Andy Tuilagi
- Born: Anitele'a Faivai Tuilagi 5 June 1986 (age 39) Apia, Samoa
- Height: 185 cm (6 ft 1 in)
- Weight: 118 kg (18 st 8 lb; 260 lb)
- School: Tuasivi College
- Notable relative(s): Freddie Tuilagi (brother) Henry Tuilagi (brother) Alesana Tuilagi (brother) Vavae Tuilagi (brother) Manu Tuilagi (brother)

Rugby union career
- Position(s): Centre, Wing

Senior career
- Years: Team / Apps / (Points)
- 2005–2006: Leicester Tigers / 0 / (0)
- 2006–2008: Yorkshire Carnegie / 18 / (10)
- 2008-2011: Sale Sharks / 29 / (15)
- 2011-2013: Newport Gwent Dragons / 42 / (25)
- 2014-2016: Newcastle Falcons / 10 / (5)
- 2016-2017: Tarbes Pyrénées Rugby / 2 / (0)
- Correct as of 3 November 2018

International career
- Years: Team / Apps / (Points)
- 2005–2014: Samoa / 17 / (25)
- Correct as of 3 January 2015

= Anitelea Tuilagi =

Samoan rugby union player (born 1986)

Anitelea "Andy" Tuilagi (born 5 June 1986) is a Samoan international rugby union player. His position is either centre or wing.
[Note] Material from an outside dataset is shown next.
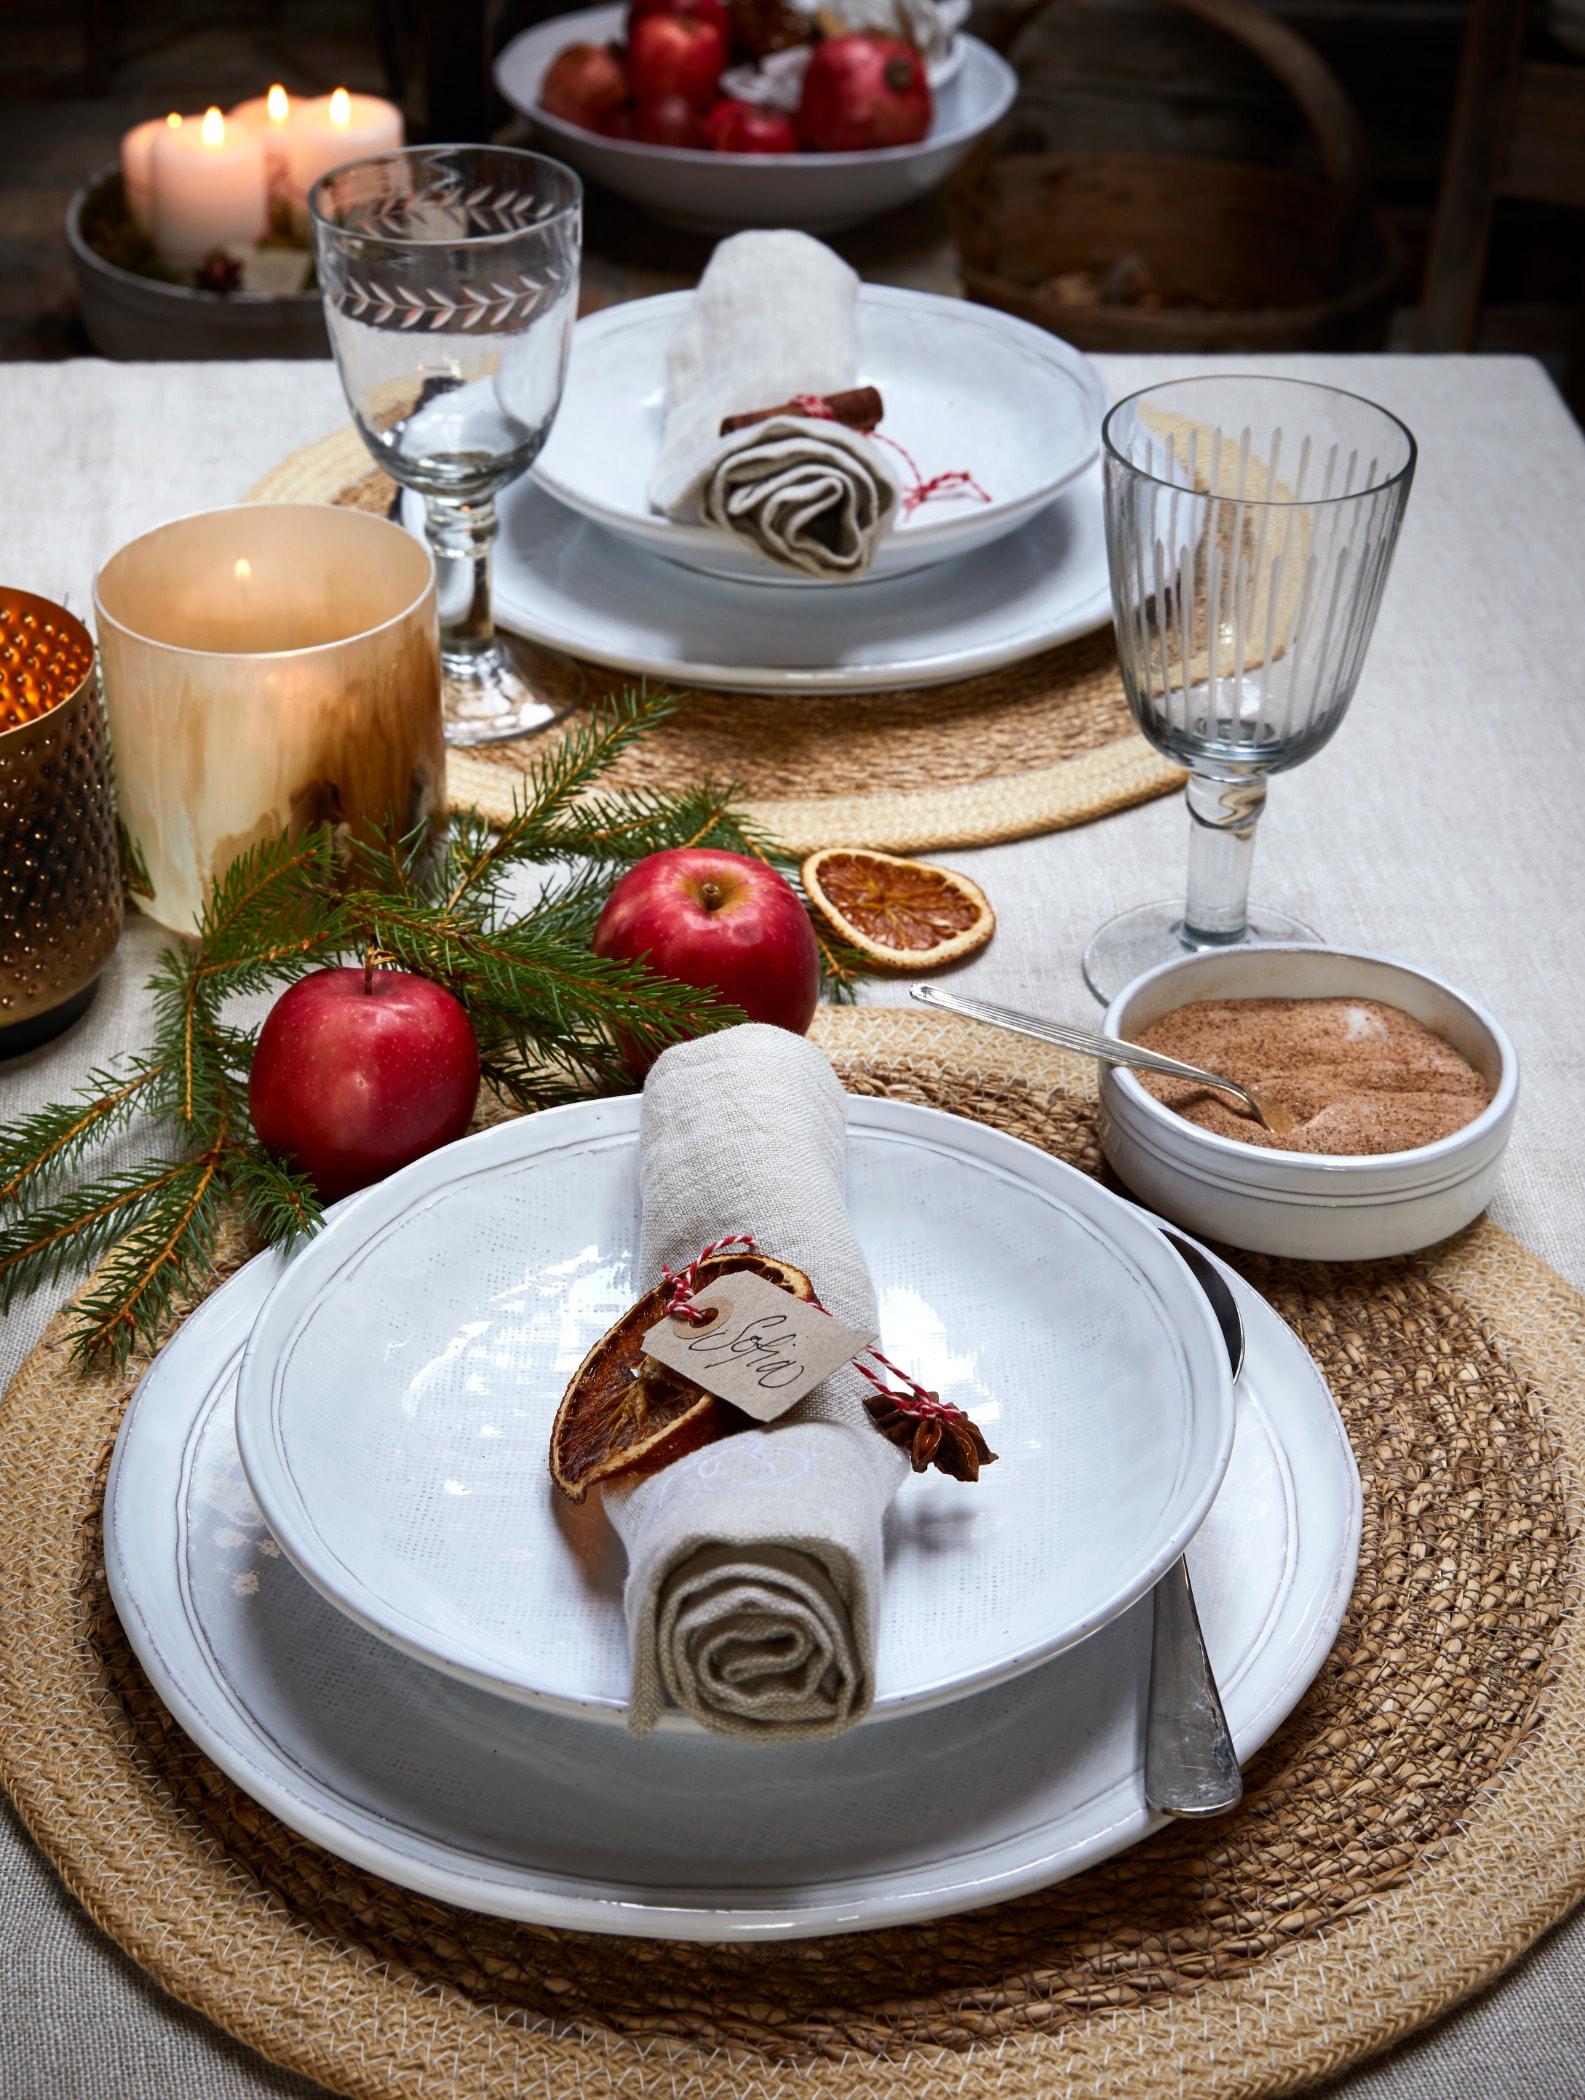 Breakfast, Meal, Ingredient, Dessert, Cuisine, Dish, Food

He is part of the famous Tuilagi rugby family, with his older brothers Henry, Freddie, Alesana, and younger brothers Vavae and Manu all also having played international rugby.

He has played club rugby for Leicester Tigers, in the Aviva Premiership, and a season loan at Leeds Tykes, now Yorkshire Carnegie, in National Division One. Tuilagi made his Leicester début at Welford Road against Gloucester as a replacement.
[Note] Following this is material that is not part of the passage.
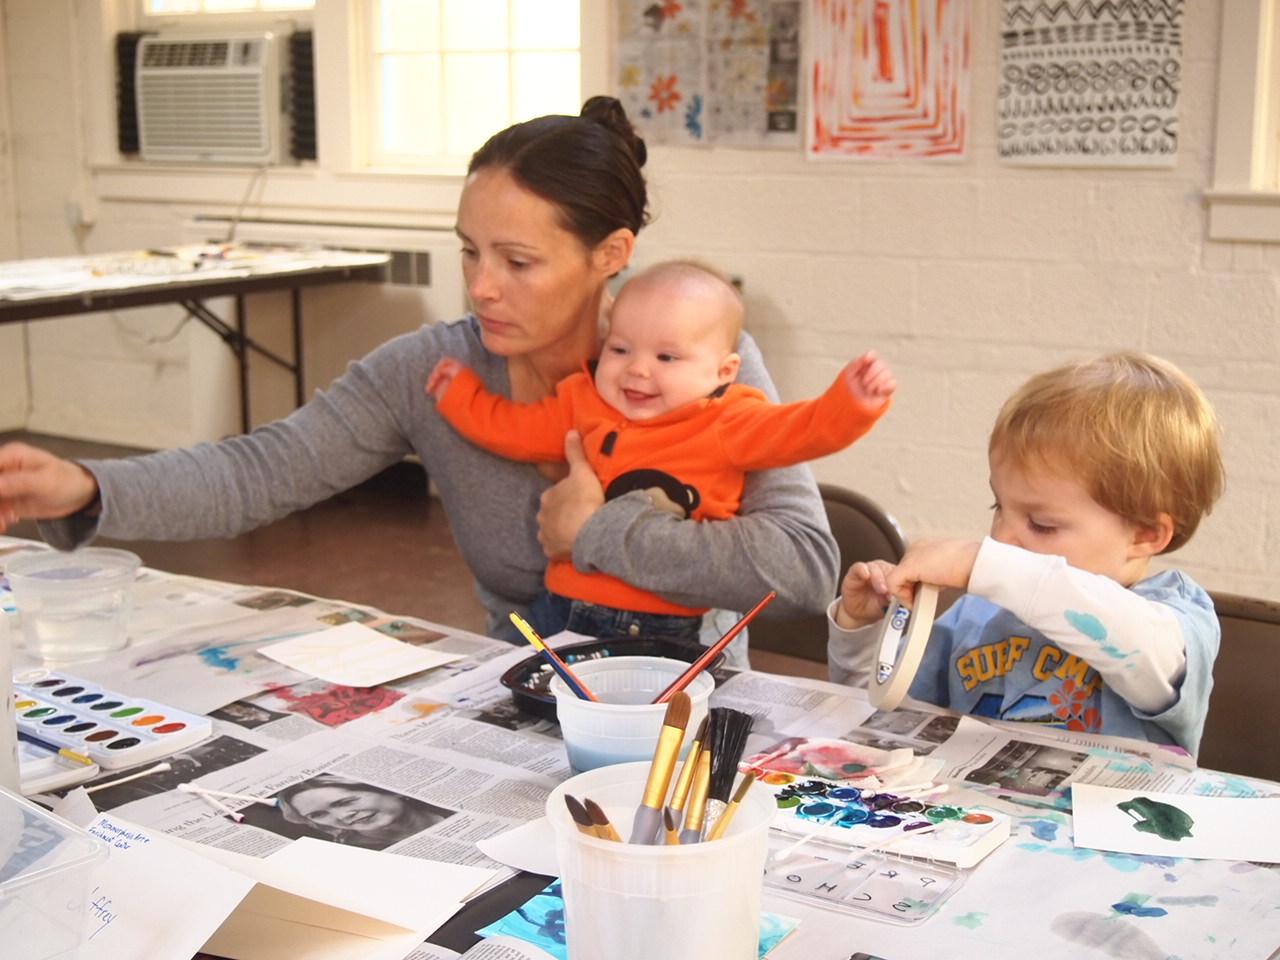 Everyone enjoying their creative time.

Following a loan period at Leeds, Tuilagi ended his contract with Leicester Tigers to join Yorkshire Carnegie full-time.

On 19 August 2008 Tuilagi was confirmed as the last signing that would be joining Guinness Premiership side Sale Sharks on a four-year contract.
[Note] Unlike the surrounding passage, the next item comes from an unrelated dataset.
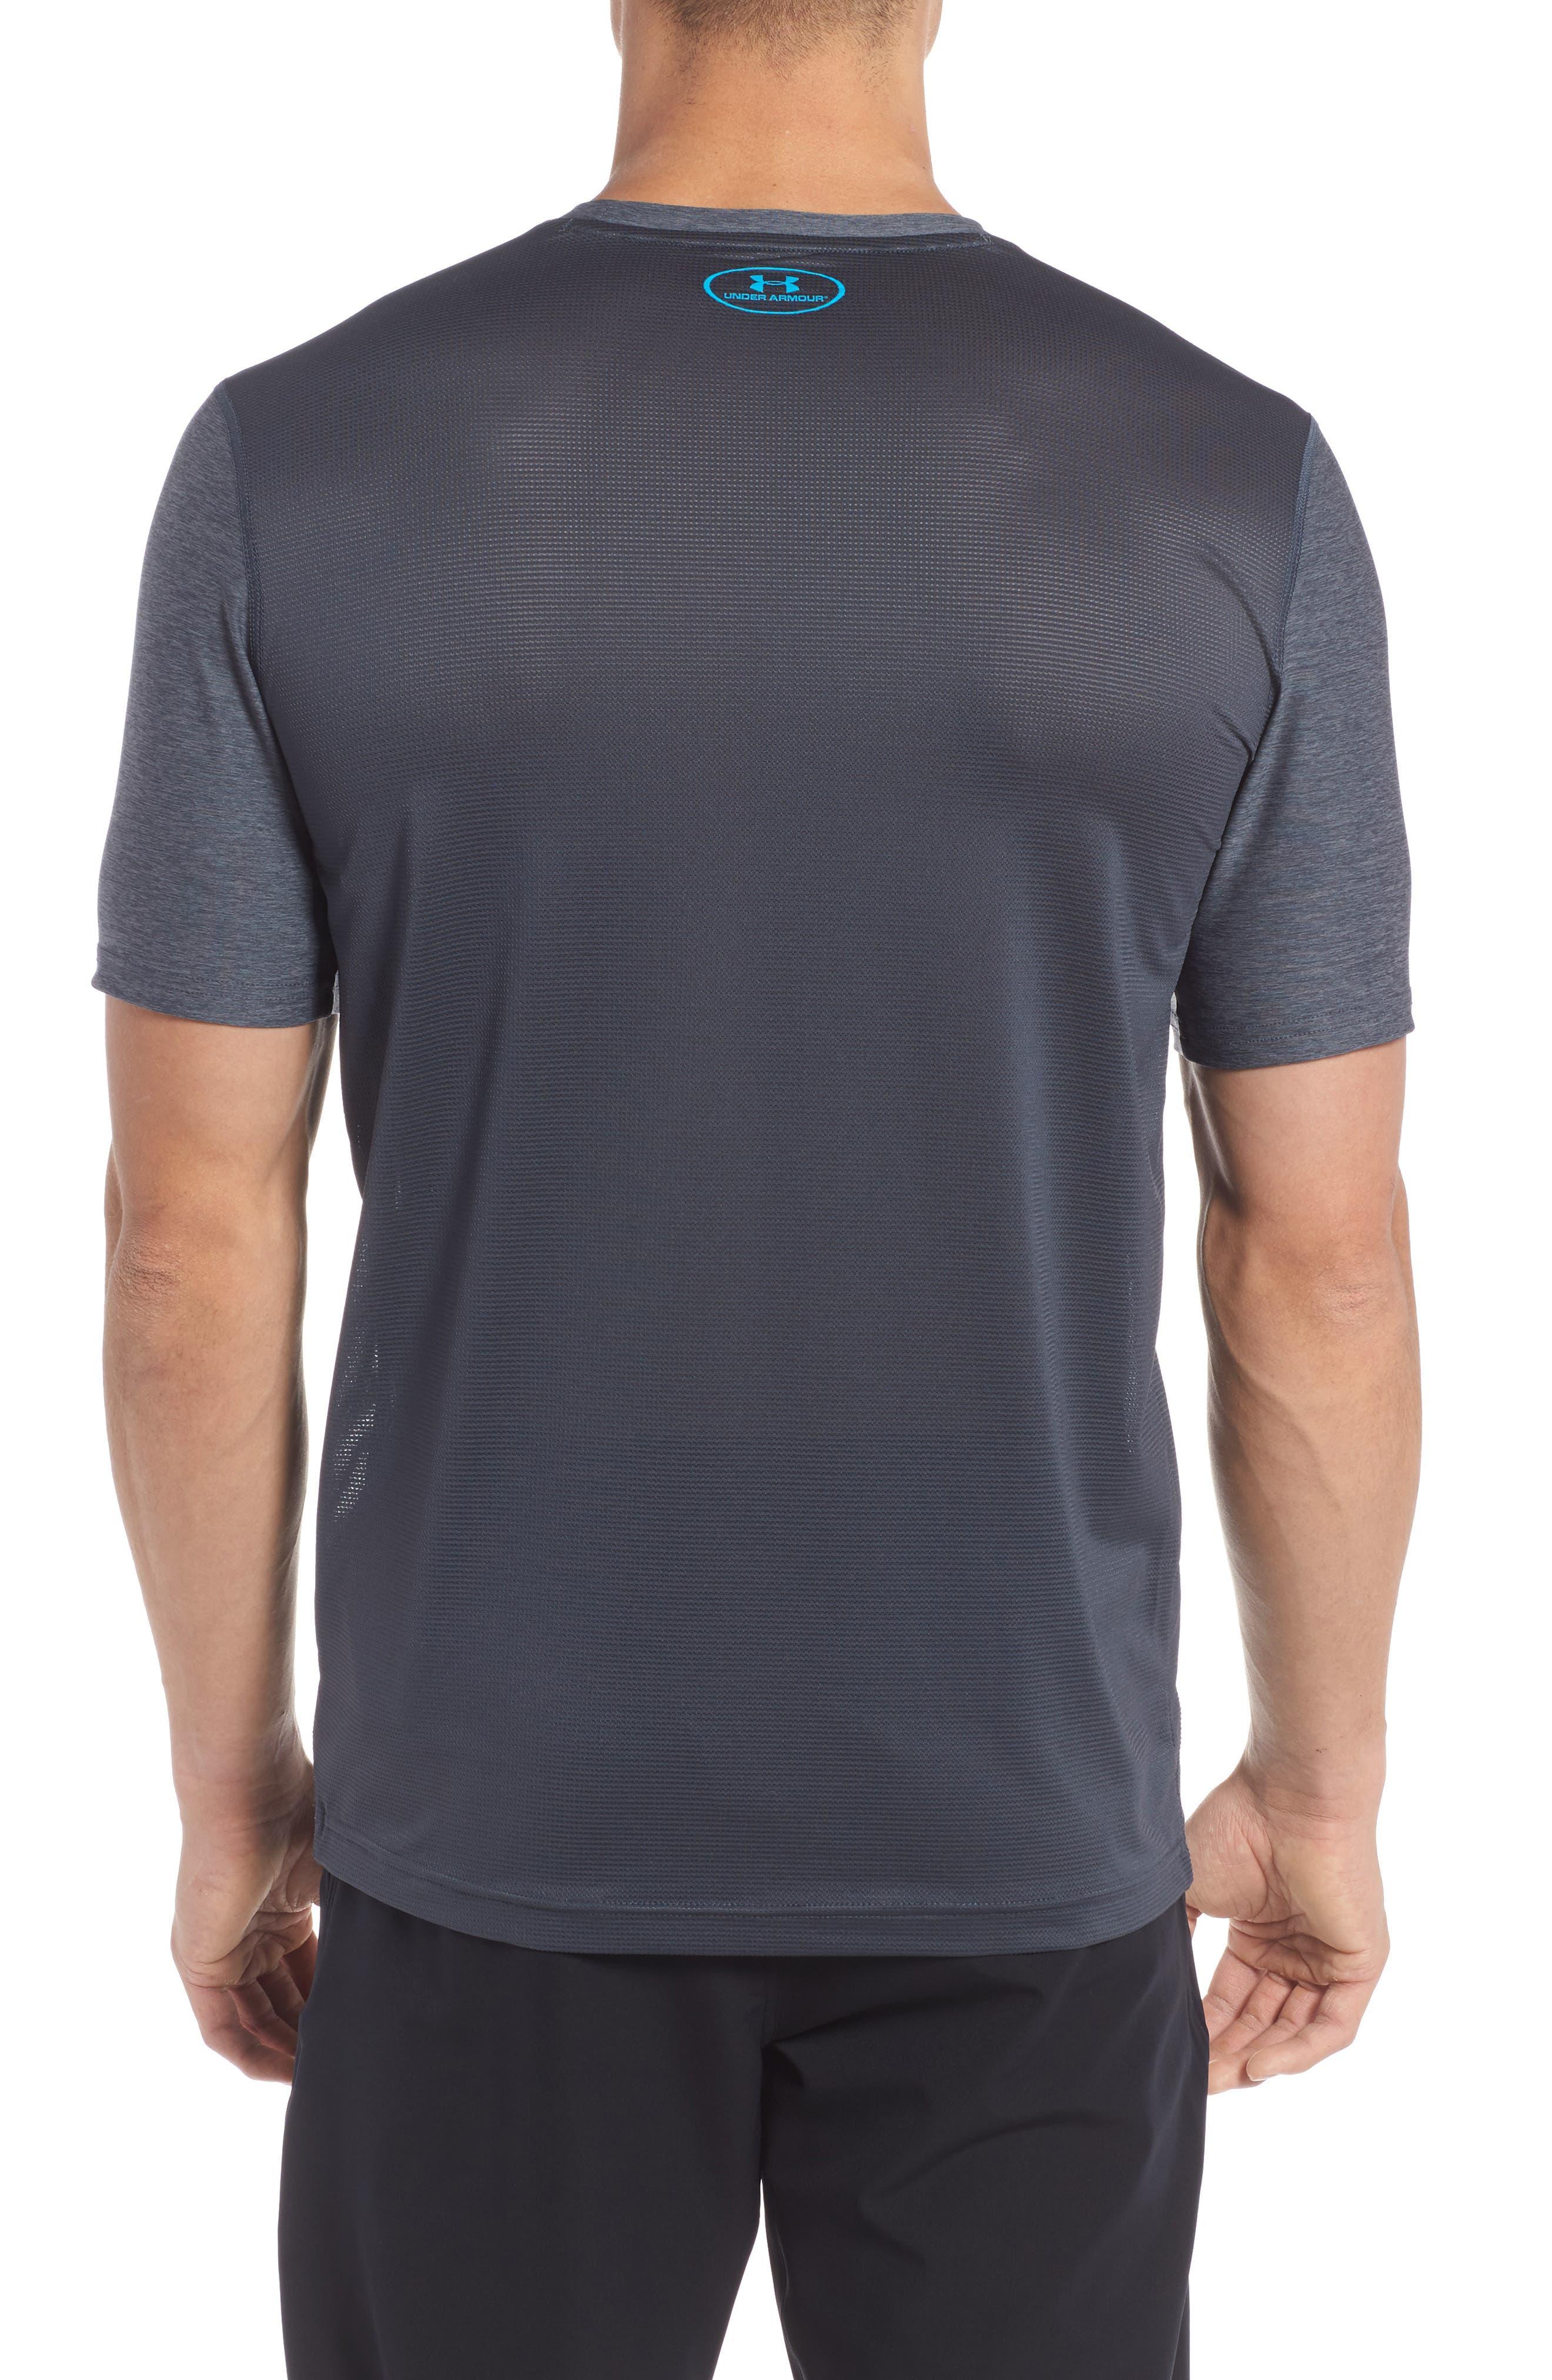 Alternate Image 2  - Under Armour Raid Graphic T-Shirt

On 13 June 2011 Sale Sharks announced that Tuilagi had been released from his contract after three years and on 29 November 2011 he joined Newport Gwent Dragons. He made his debut against Glasgow Warriors on 4 December 2011. He left Newport Gwent Dragons at the end of the 2012-13 season after turning down a new contract. On 8 May 2014, Antielea returned to England as signed for Newcastle Falcons in the Aviva Premiership on a two-year contract from the 2014-15 season, where he will join with his brother, Alesana Tuilagi.

==International career==
Tuilagi became the youngest player to play for Samoa at aged 19 years and 27 days when he made his debut in July 2005 against Tonga, where he scored a try to also become the youngest player ever to score for Samoa.

He was named in the 2007 Rugby World Cup squad, but was forced out of the tournament through injury. Since then he has been dropped out of favour in international rugby, his last call up coming in 2014 after 5 years out of the side.